Hi,
Yes, pipelining from SDRAM definitely sounds like a good solution and I think the current implementation should support this reasonably well. In general, this sort of pipelining depends on how much DTCM you need and how long you are able to wait for the transfer
to happen. The idea is that, once the first transfer is done, you start the next transfer and then do some processing while that happens to mask the transfer time.

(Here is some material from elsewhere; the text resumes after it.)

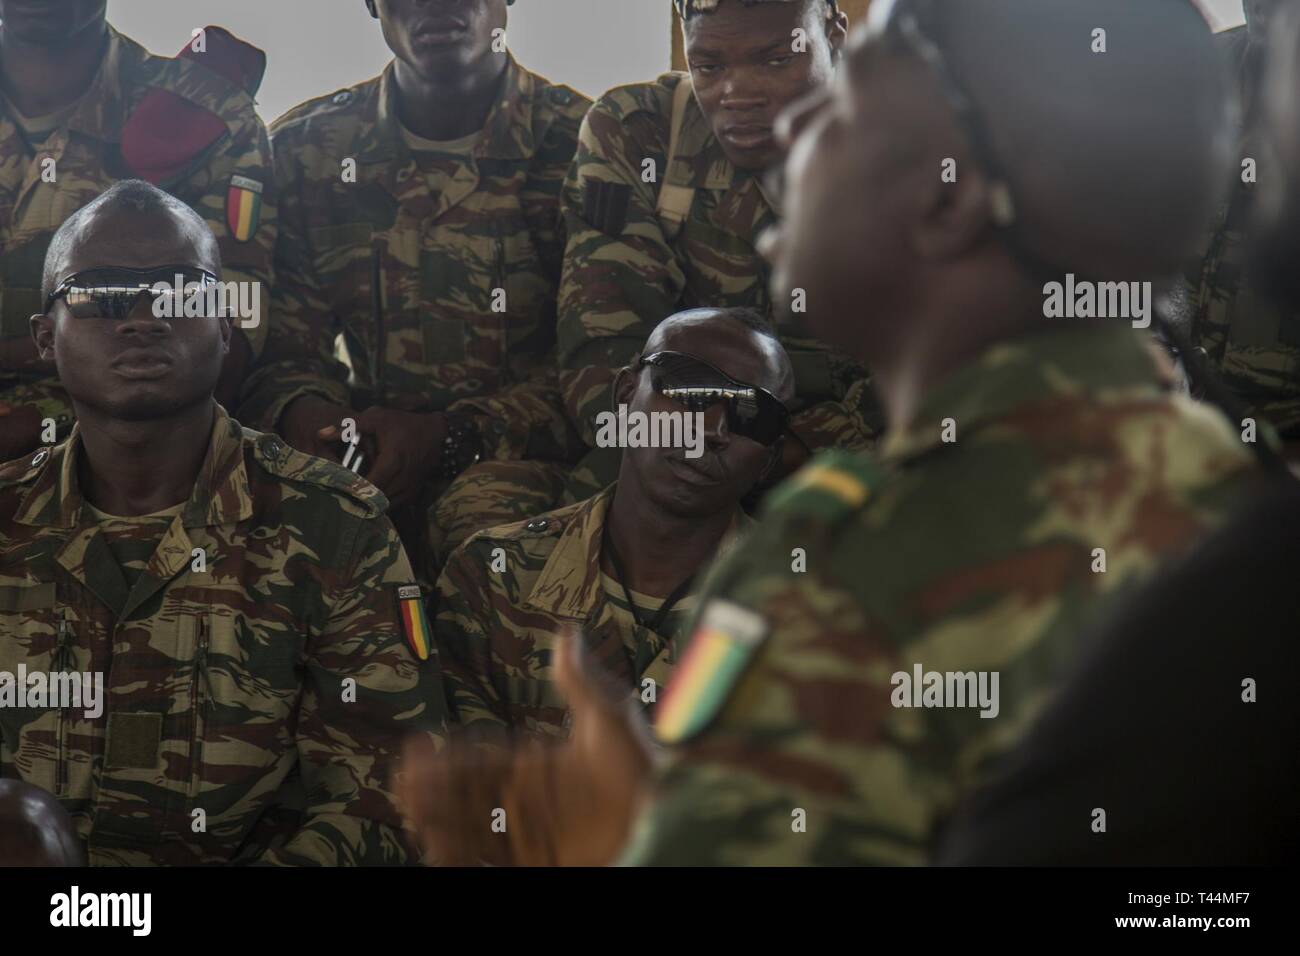 A Guinean Officer gives feedback on a Sensitive Site Exploitation (SSE) class at base camp Loumbila, Burkina Faso, Feb 20, 2019. Experts from Burkinabe law enforcement took the lead  on training multinational soldiers during the exercise. Stock Photo

In terms of making it work, I think the easiest is to do this in the loop that is going through the sources, transferring the data for 1 or more (depending on the size of the data). You need to create a global variable set up with the space to store the data
to be transferred, and I would advise setting up two of these spaces so you can switch between them - one being where data is being transferred into now, and one you are processing now, with another variable or two tracking which is which. You then start
the transfer into the first, then in the loop, wait for the transfer to be done, start the next transfer (if not at the end of the data) and then process the data that has been transferred.
There are a couple of tricky things to work around in the current codebase for this from looking into it a bit more related to how you do the DMA initiation and how you then know it has finished. The problems come from there being two different ways of processing
neurons, either using a joined-up synapse-neuron-processing core where everything happens on a single core or using split synapse processing and neuron processing cores. The issue is that the DMA is handled differently in each of these cases; the joined-up
core model uses the spin1_api and simulation.h code to handle DMAs, whereas the split-core model uses a more direct approach programming the hardware directly. My suggestion would be to pick which of these you are going to use and concentrate on that initially
to get it working, and then we can always look at possibly resolving this later. You are probably using the joined-up model if you are using a 1.0ms timestep, and the split-model if you are using a 0.1ms timestep.
If you are using the joined-up model, you can use the methods in simulation.h (simulation_dma_transfer_done_callback_on) to register a DMA handler function against a tag, and then have a variable which you set to "true" when the DMA is complete. You can then
set the variable to false, then start the DMA using spin1_dma_transfer. You can then "wait" for the variable to become true within a while loop - to make that more efficient, within the loop you can call "spin1_wfi()" which means it will go to sleep until
an interrupt is raised. You still need to check your variable, as the wfi will wake up on any interrupt, not just the DMA completion.
If you are using the split-core model, the process is similar, but there are a couple of differences. Specifically, the more direct interaction with the DMA hardware can be done with the function in dma_common.h. You don't need to register a callback in this
case since the wait_for_dma_complete function reads the DMA hardware directly to check if there are DMAs in progress. This should be OK since while you are running this part of the code, nothing else will be using the DMA hardware. So in this case, you can
first call cancel_dmas just to make sure the hardware is in the right state, then use do_fast_dma_read to start the transfer and wait_for_dma_complete when you need to wait (you don't need to use the spin1_wfi here). The other things are the same - you still
need a set of data locations to store data being transferred and data you are processing.
Hopefully that gives you enough to get started with, but let us know if you need more help.
Andrew 🙂